Notes on Statistics Basics: Data, Population, Sample, Variables, and Levels of Measurement

Population, Sample, Data, and Variables

Data are the values that a variable can take; those values are data. For example, the years 2019 or 2020 are data values belonging to the variable of time.
A variable is a characteristic that can assume different values; data are the values those variables can take.
Population vs Sample:
- Population: all subjects in the study.
- Sample: a group or subset drawn from the population.
- An individual is a person or subject that is a member of a sample.
- A member of a sample is an individual; a subset of a population is a sample.
In short:
- Data = values of a variable.
- Variable = a characteristic that can take different values.
- Population = all subjects.
- Sample = subset of the population.

Descriptive vs Inferential Statistics

Descriptive statistics: organization and summarization of data.
- Examples: conduct a survey, present results in a data table, graph the data to observe trends.
- Calculate the sample mean:
  $\bar{x} = \frac{\sum<em>{i=1}^{n} x</em>i}{n}$
- Example (illustrative): If you have ages like age1, age2, age3, age4, you add them and divide by the number of observations (here, 4) to get the mean.
Inferential statistics (the transcript sometimes uses the term "influential statistics"): use information from a sample to draw conclusions about the population.
- Rationale: sampling the whole population is often costly or impractical, yet we want to infer about the population (e.g., disease spread) from a sample.
- Concept: make a decision or draw a conclusion about a population parameter from sample data.
Probability, hypothesis testing, and decision making are core tools in inferential statistics:
- Probability = likelihood of an event occurring.
- Hypothesis testing = a technique to make a claim or decision to reject or accept certain conditions based on sample data.
- The goal is to draw meaningful information about the population from the sample.
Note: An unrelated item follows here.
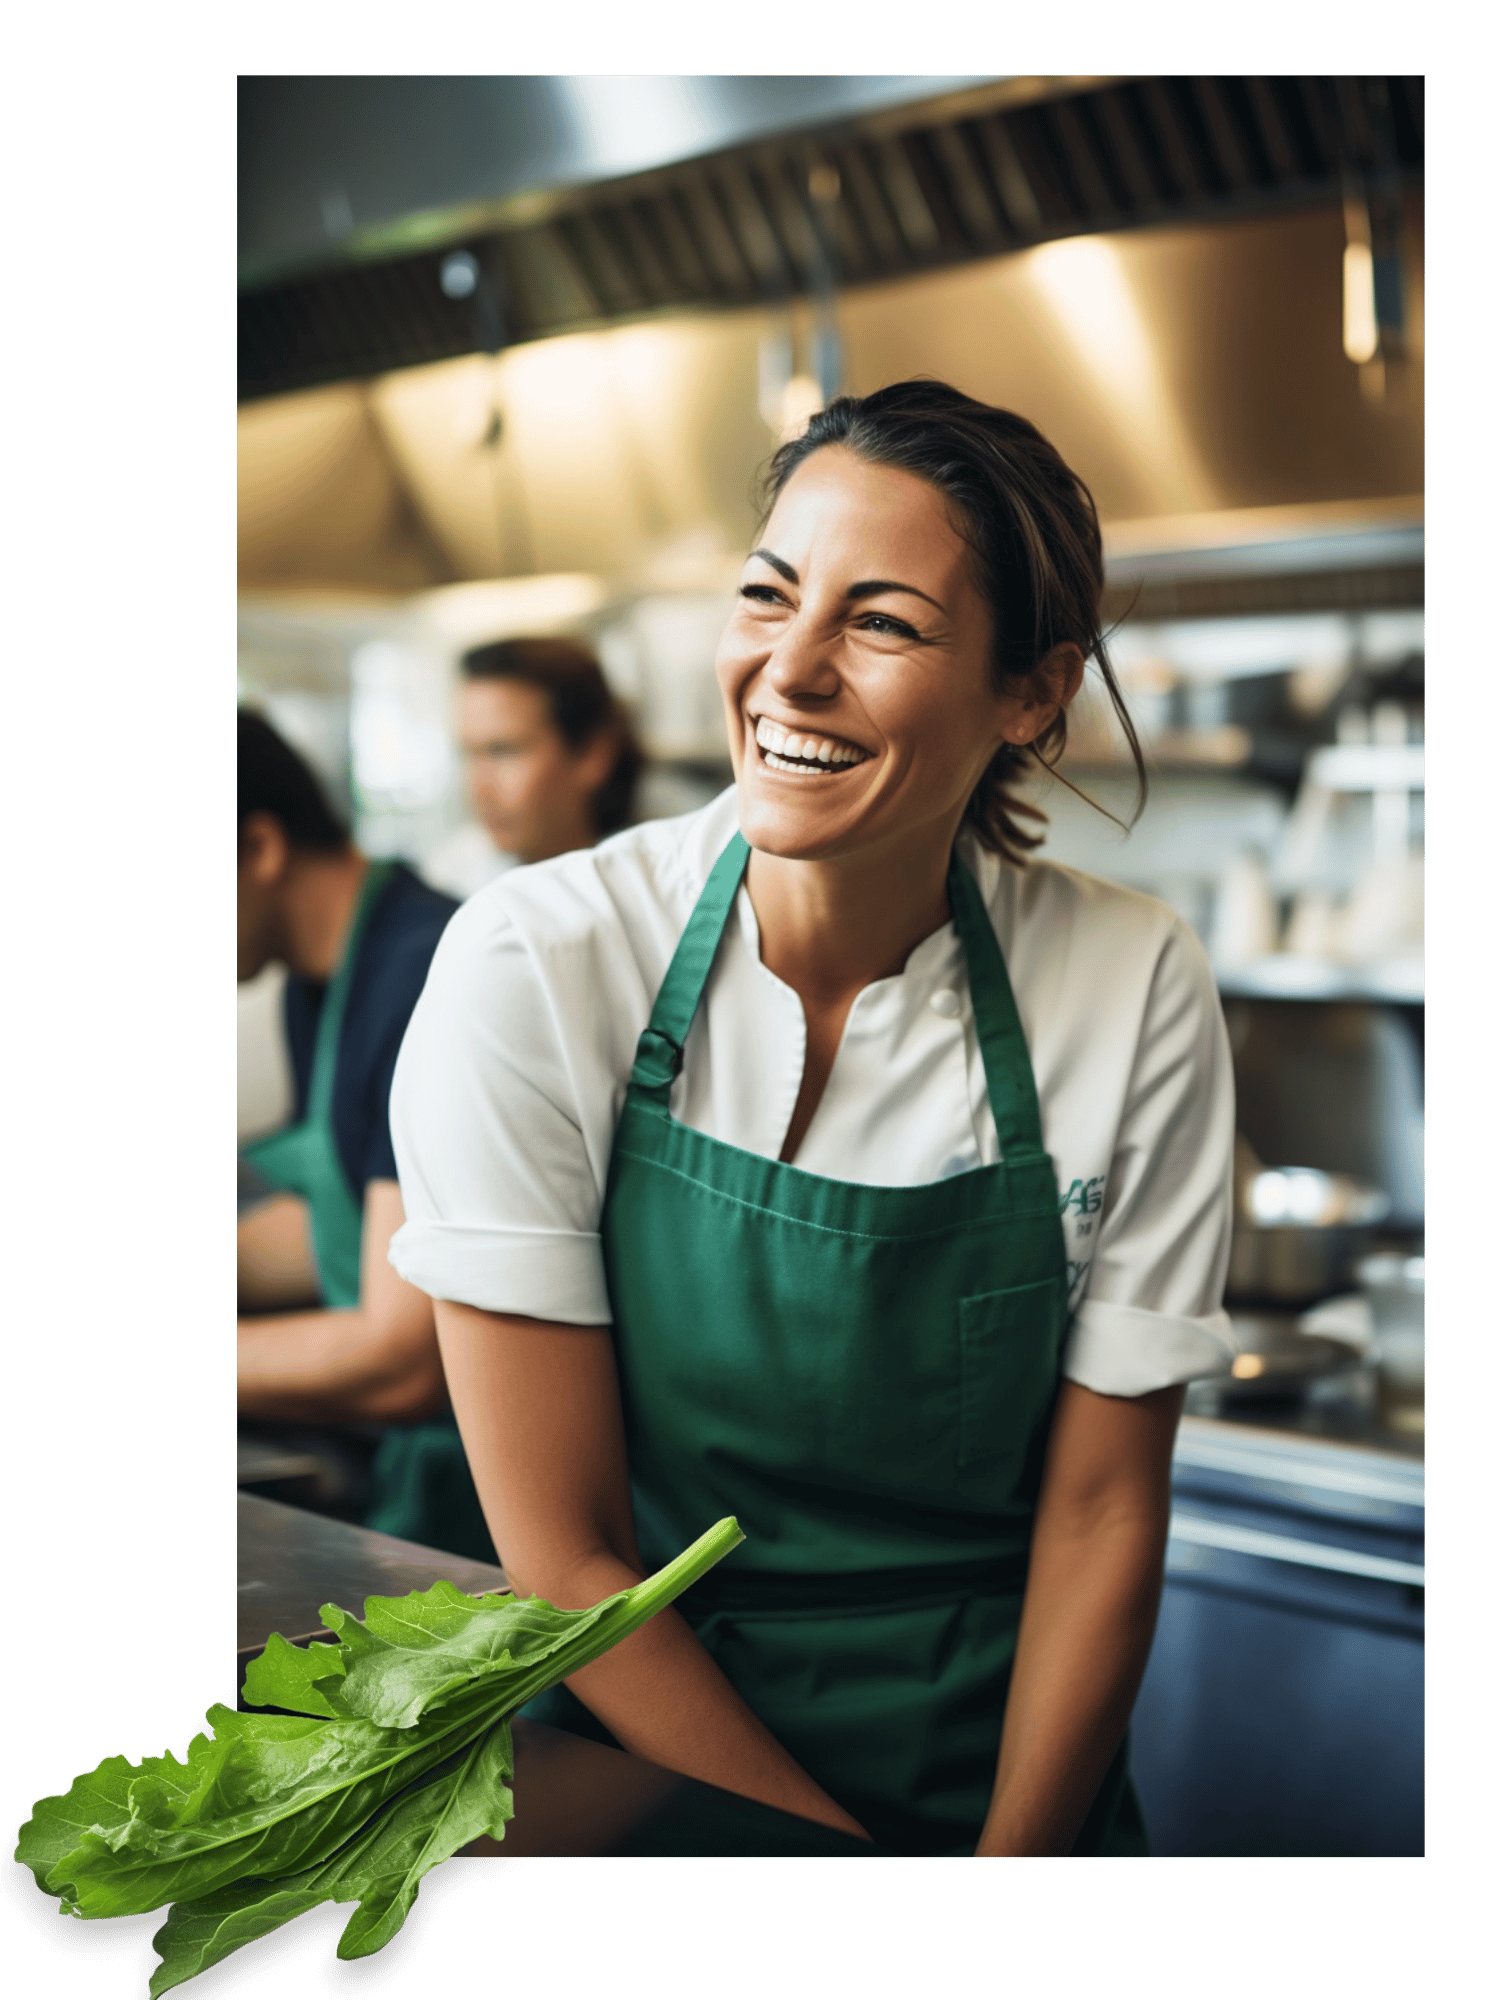 ianc_10992_a_photo_of_a_female_chef_laughing_in_a_commercial_ki_fa08ca95-894d-46c3-9651-a479c8856896 (copy)-PhotoRoom (1)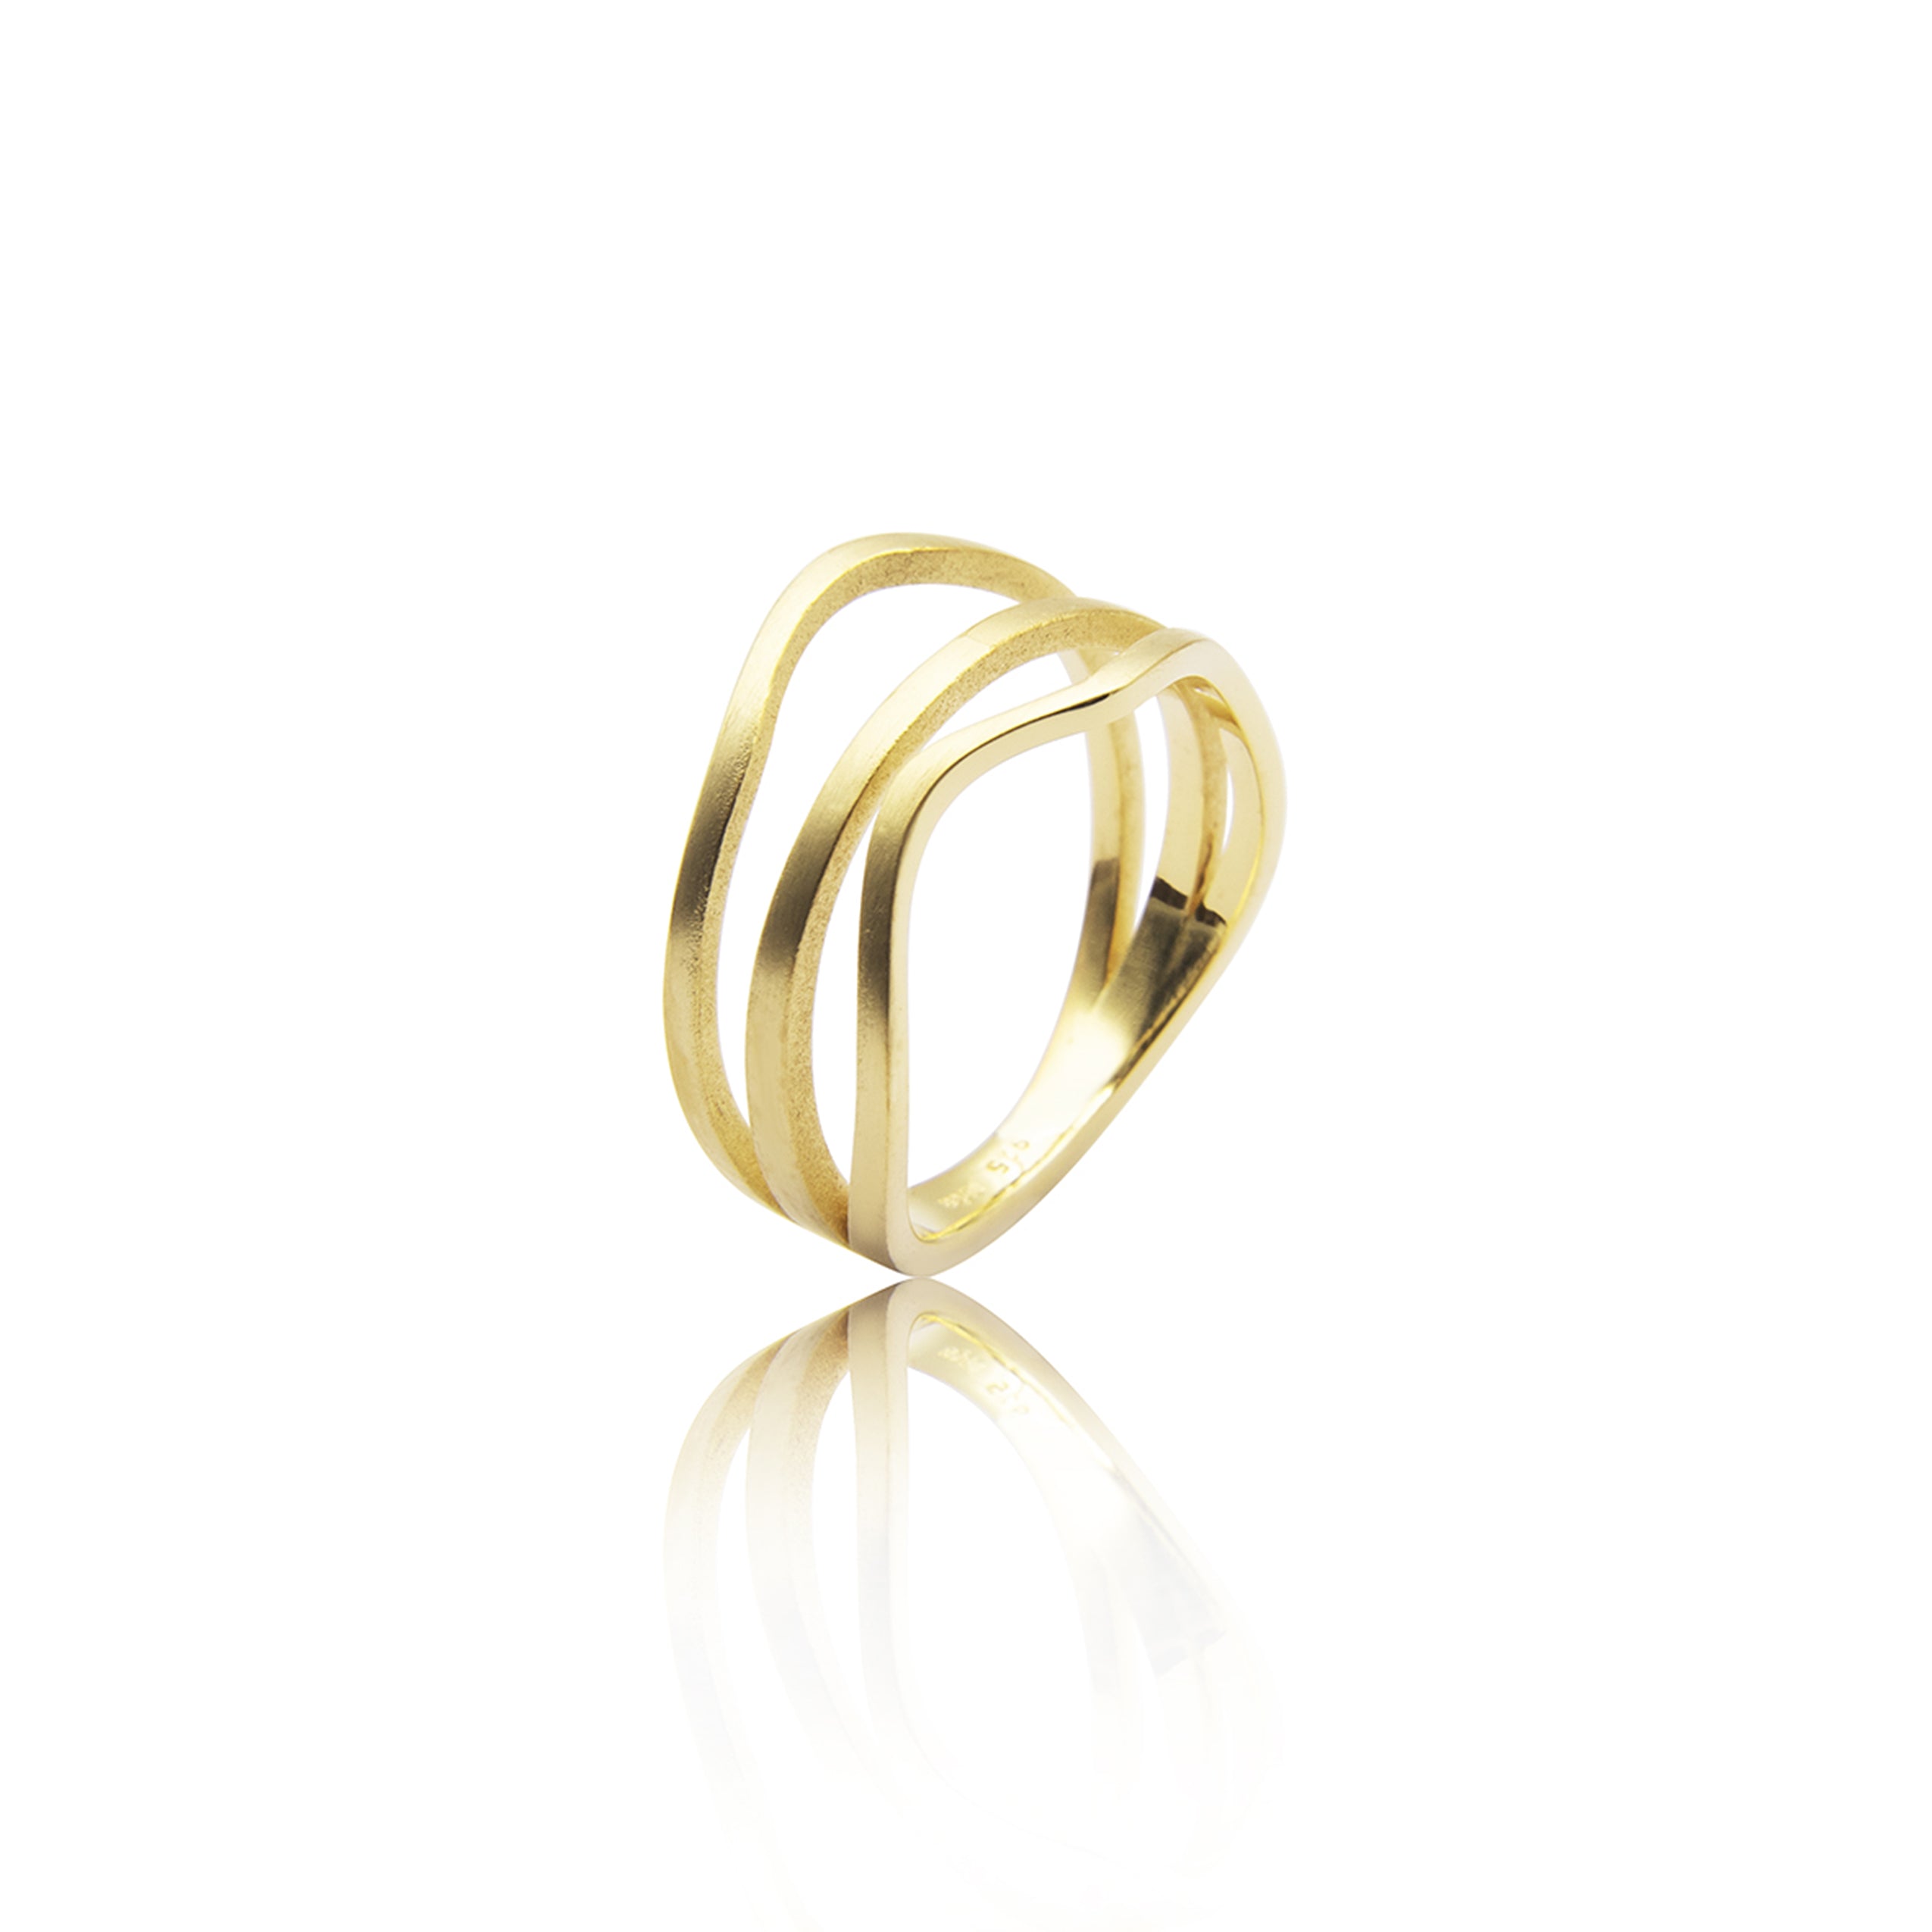 Cascade ring "3" in 585 gold

Parameter vs Statistic; Population vs Sample (Applied Examples)

Population parameters vs sample statistics:
- A parameter describes a population property (e.g., population mean, population proportion).
- A statistic describes a sample property (e.g., sample mean, sample proportion).
How to identify population vs sample:
- If you see the word "all" or an indication that the data come from the entire population, it refers to the parameter level.
- If you see data from a randomly selected group, it refers to the statistic level.
Examples from a disease context (from the transcript):
- Hypothetical hospital example:
- The maximum length of stay among all hospital patients: a parameter (population).
- The average length of stay among a randomly selected group: a statistic (sample).
- The recovery rate from a random group: a statistic (sample).
Another example: trains data at Opera House Station:
- Records for all trains last year: the population (e.g., average delay = 12.7 minutes; 17.1% delayed; 15 trains canceled).
- A random sample of 50 records audited by Ivana: sample (e.g., average delay = 21.3 minutes; 32% delayed; 2 trains canceled).
Quick takeaway: the word "all" indicates population parameters; a randomly selected group indicates sample statistics.

Types of Variables: Qualitative vs Quantitative

Variables can be classified as:
- Qualitative (categorical): describes categories or groups.
- Quantitative (numerical): describes numerical values (can be counted or measured).
Qualitative vs Quantitative:
- Qualitative: grouped into categories or levels; examples include gender, level of education, satisfaction level, religious preference, geographical location, ZIP code, nationality.
- Quantitative: numerical and can be measured or counted; examples include distance, temperature, price, age, time, weight, height.
Subtypes within qualitative and quantitative:
- Qualitative can be ordered (ordinal) or not ordered (nominal).
- Quantitative can be discrete (counted) or continuous (measured).

Qualitative vs Quantitative: Examples

Qualitative examples (and their subtypes):
- Gender: male, female (nominal).
- ZIP code: unique identifiers (nominal).
- Nationality: qualitative, often nominal.
- Level of education: Master’s, PhD, etc. (qualitative; can be ordered or categorized).
- Degree of satisfaction: scale (e.g., satisfied, neutral, dissatisfied) (ordinal).
Quantitative examples:
- Distance from home to nearest store: quantitative, can be measured (continuous or ratio depending on zero interpretation).
- Temperature: quantitative (continuous; interval level).
- Price: quantitative (continuous; ratio level).
- Weight, height, age: quantitative (ratio level when the zero point means an absence of the quantity).
- Time: quantitative (continuous; ratio level for some measures).

Discrete vs Continuous Variables (within Quantitative)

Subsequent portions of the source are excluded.